Initially I had them implement REST wrappers around Apache OpenNLP and SpaCy and then compare the results of random data sets (project Gutenberg, sharepoint, etc…).

I ended up stealing a grad data scientist because we couldn’t find a difference (while there was a difference in confidence, the actual matches were identical).

SpaCy required 1vCPU and 12GiB of RAM to produce the same result as OpenNLP that was running on 0.5 vCPU and 4.5 GiB of RAM.

2 grads were assigned a Spring Boot/Camel/OpenNLP stack and 2 a Spacy/Flask application. It took both groups 4 weeks to get a working result.

The team slowly acquired lockdown staff so I introduced Minio/RabbitMQ/Nifi/Hadoop/Express/React and then different file types (not raw UTF-8, but what about doc, pdf, etc…) for NLP pipelines.
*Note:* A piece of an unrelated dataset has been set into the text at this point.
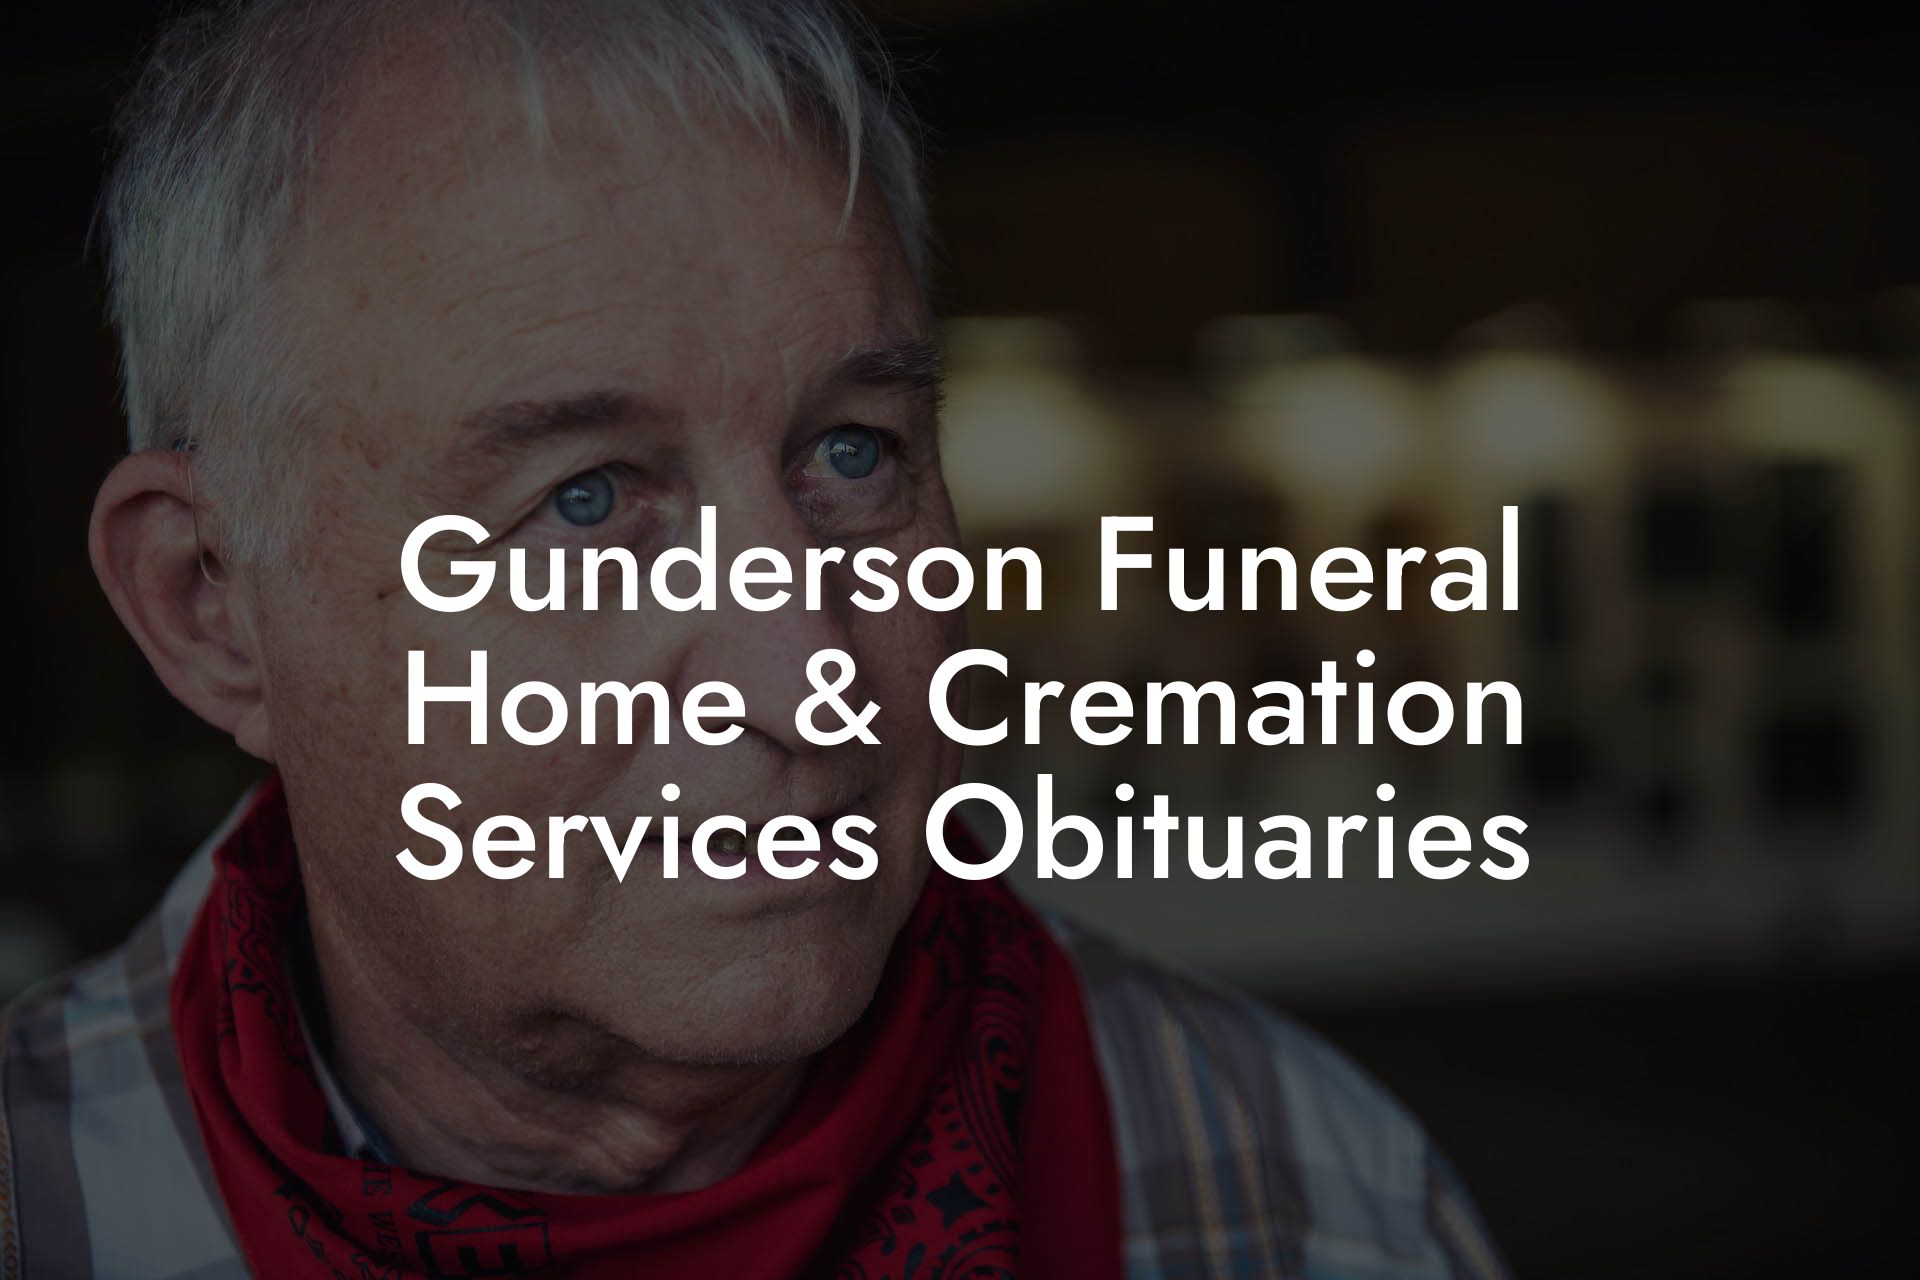 Gunderson Funeral Home & Cremation Services Obituaries

They built a fairly complex NLP processing system with a data exploration UI.

I figured I had a group to help me figure out Python best approach in the space, but Python limitations just lead to stuff like needing a Kubernetes volume to host data.
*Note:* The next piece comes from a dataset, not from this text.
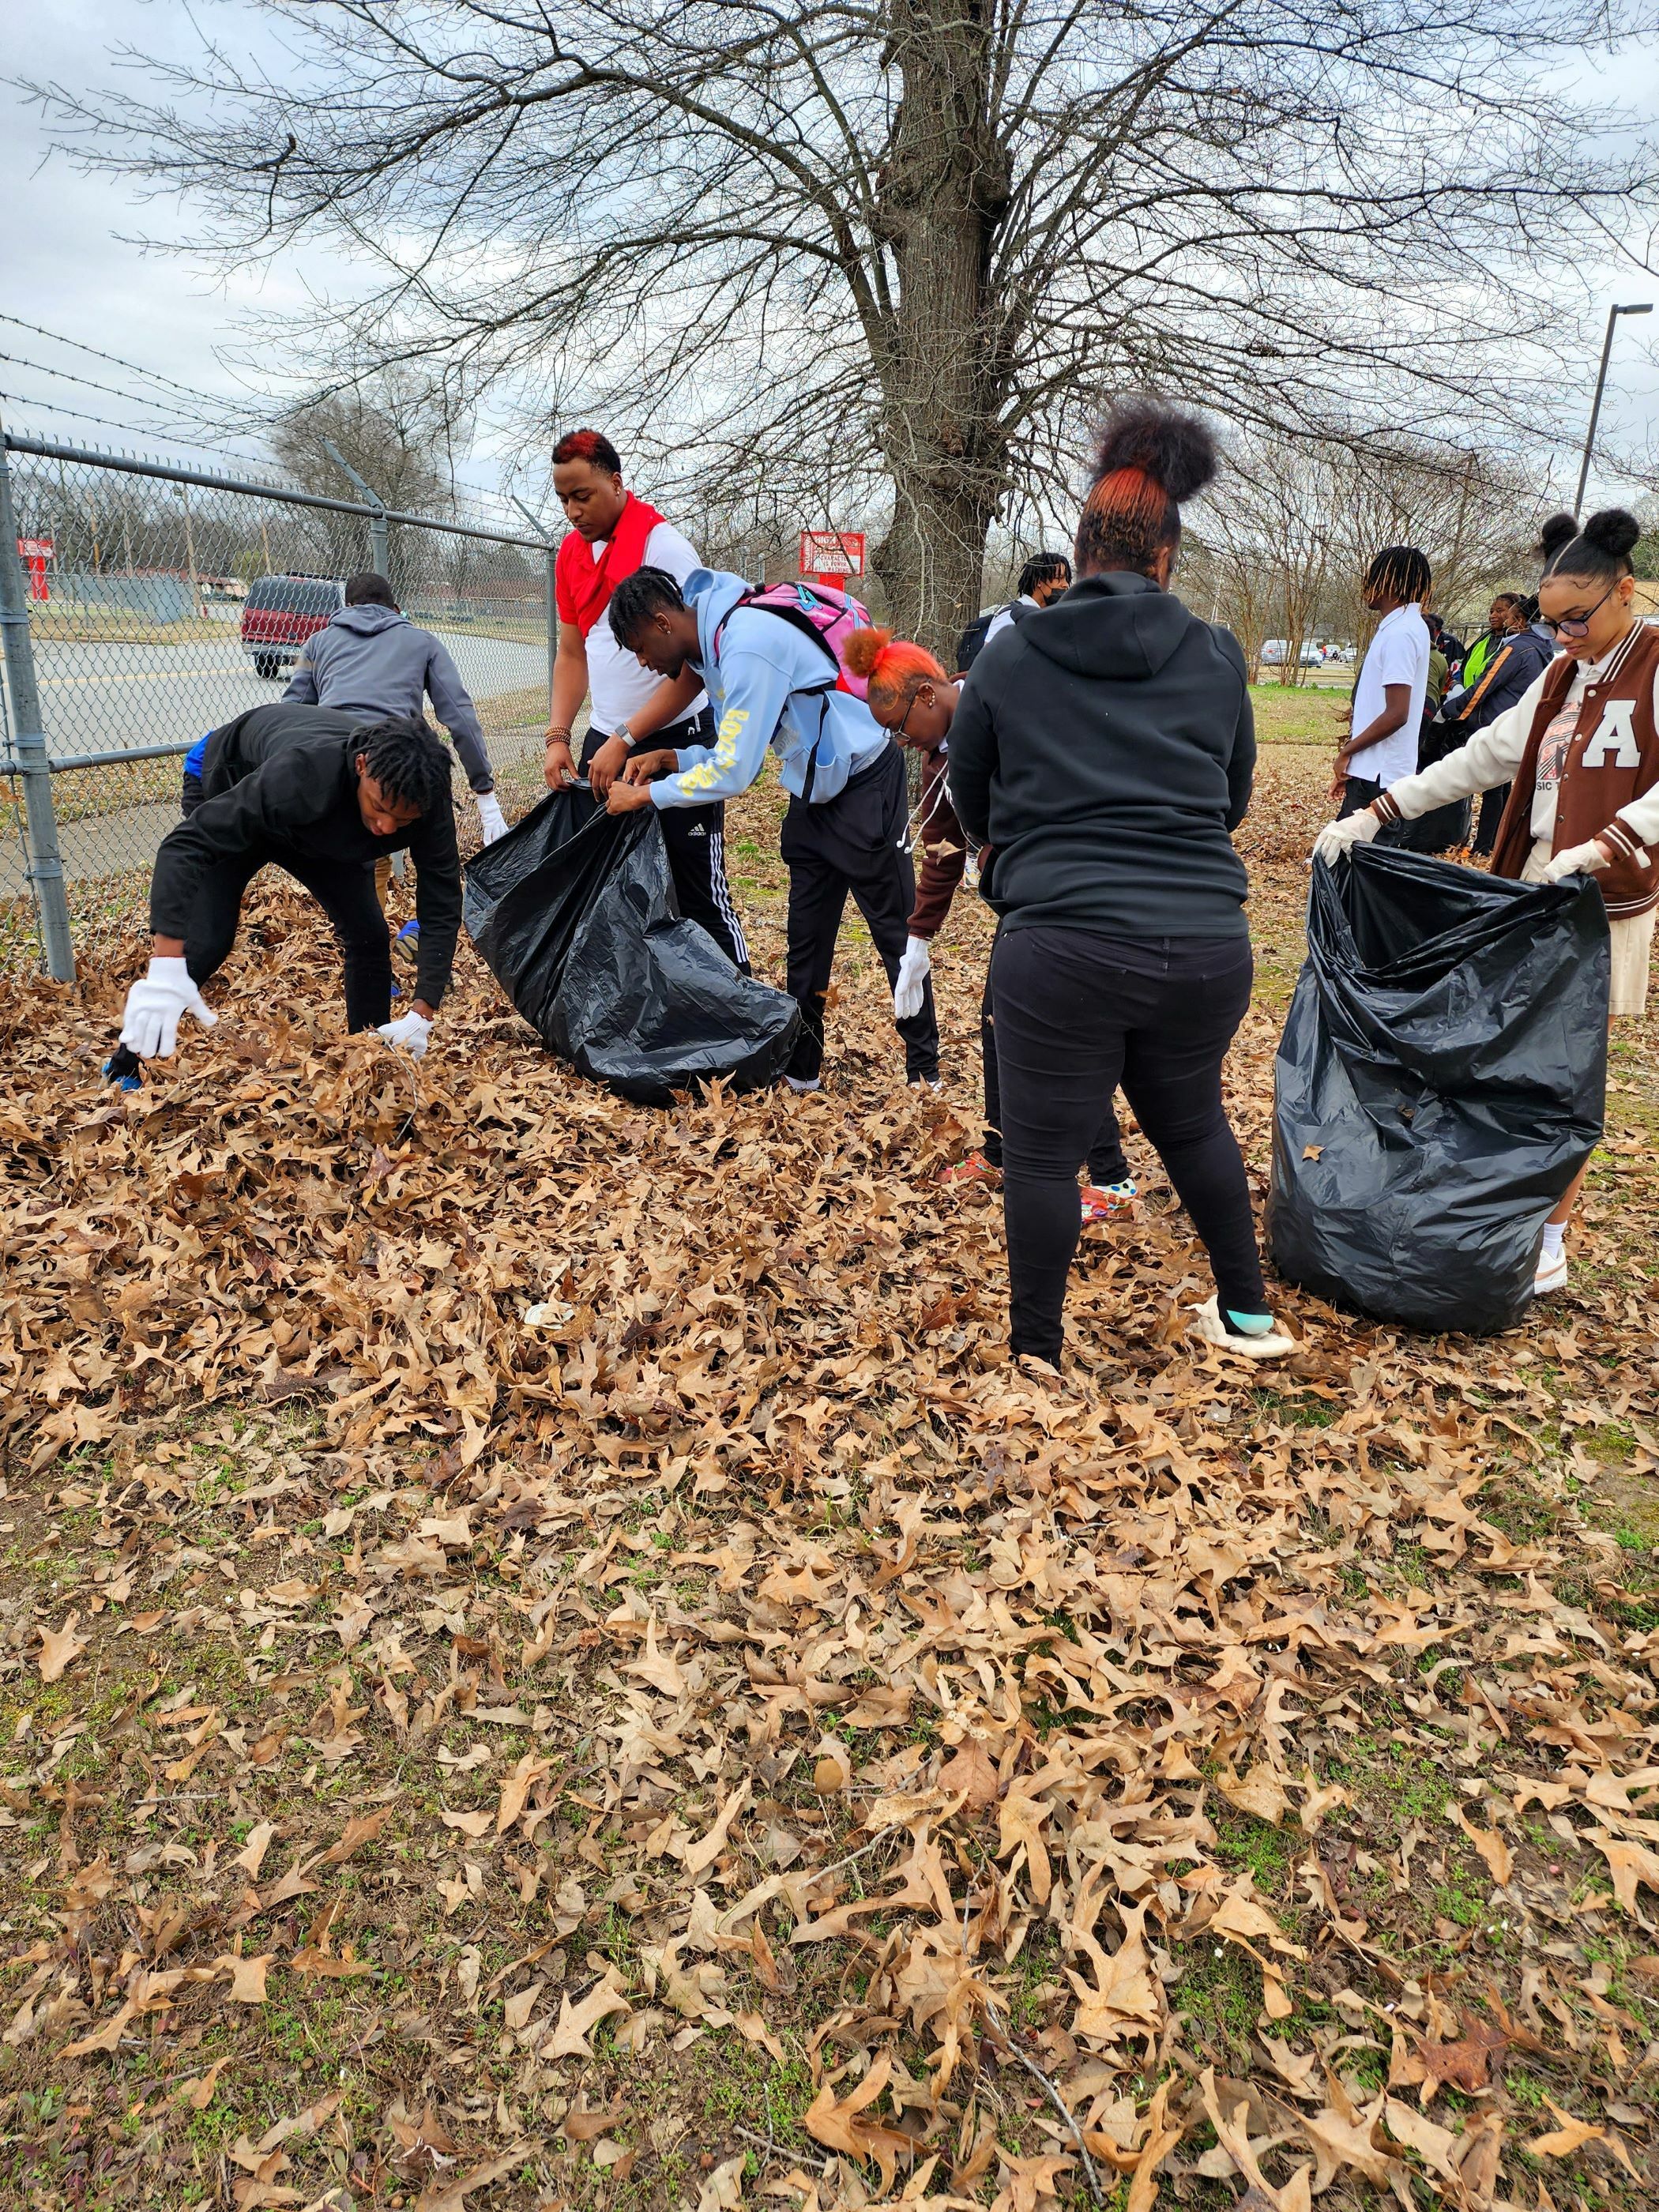 TyKesha Cross' students cleaning up the community.

Conversely none of the data scientists we acquired were willing to code in anything but Python.

I tried arguing in my company of the time there was a huge unsolved bit of market there (e.g. MLOP’s)

Alas unless you can show profit on the first customer no business would invest. Which is why I am trying to start a business.

stevecrox@kbin.social · 2 years ago

This is why Java rocks with ETL, the language is built to access files via input/output streams.

It means you don’t need to download a local copy of a file, you can drop it into a data lake (S3, HDFS, etc…) and pass around a URI reference.

Considering the size of Large Language Models I really am surprised at how poor streaming is handled within Python.

stevecrox@kbin.social · edit-2 2 years ago

@ergoplato I didn’t suggest that.

Personally I don’t think its ego. I think you have two issues.

The first is people go through stages learning DevOps. Stage 1 has people deploy a CI because its cool, they build a few basic pipelines and then 90% of people get bored. The 2nd stage is people start extending those pipelines, it results in really complex pipelines requiring lots of unique changes based on the opinion of the writer. You move to the 3rd stage when your asked to recreate/extend for a new project and realise how specific your solutions are.

Learning how to make minor tweaks and hook in a few key points to get what you want takes years. Without that most packagers will want to make big changes upstream which won’t go down well.

The second issue, I have met quite a few developers who become highly stressed when the build system is doing something they haven’t needed to do or understand.

A really simple example I have a Jenkins function which I tend to slip into release pipelines, it captures the release version and creates a version in Jira.

I normally deploy it first as a test before a few other functions to automate various service management requirements.

Its surprising how many devs will suddenly decide every problem (test failed, code failed review, sharepoint breaks, bad os update, etc…) is due to that function.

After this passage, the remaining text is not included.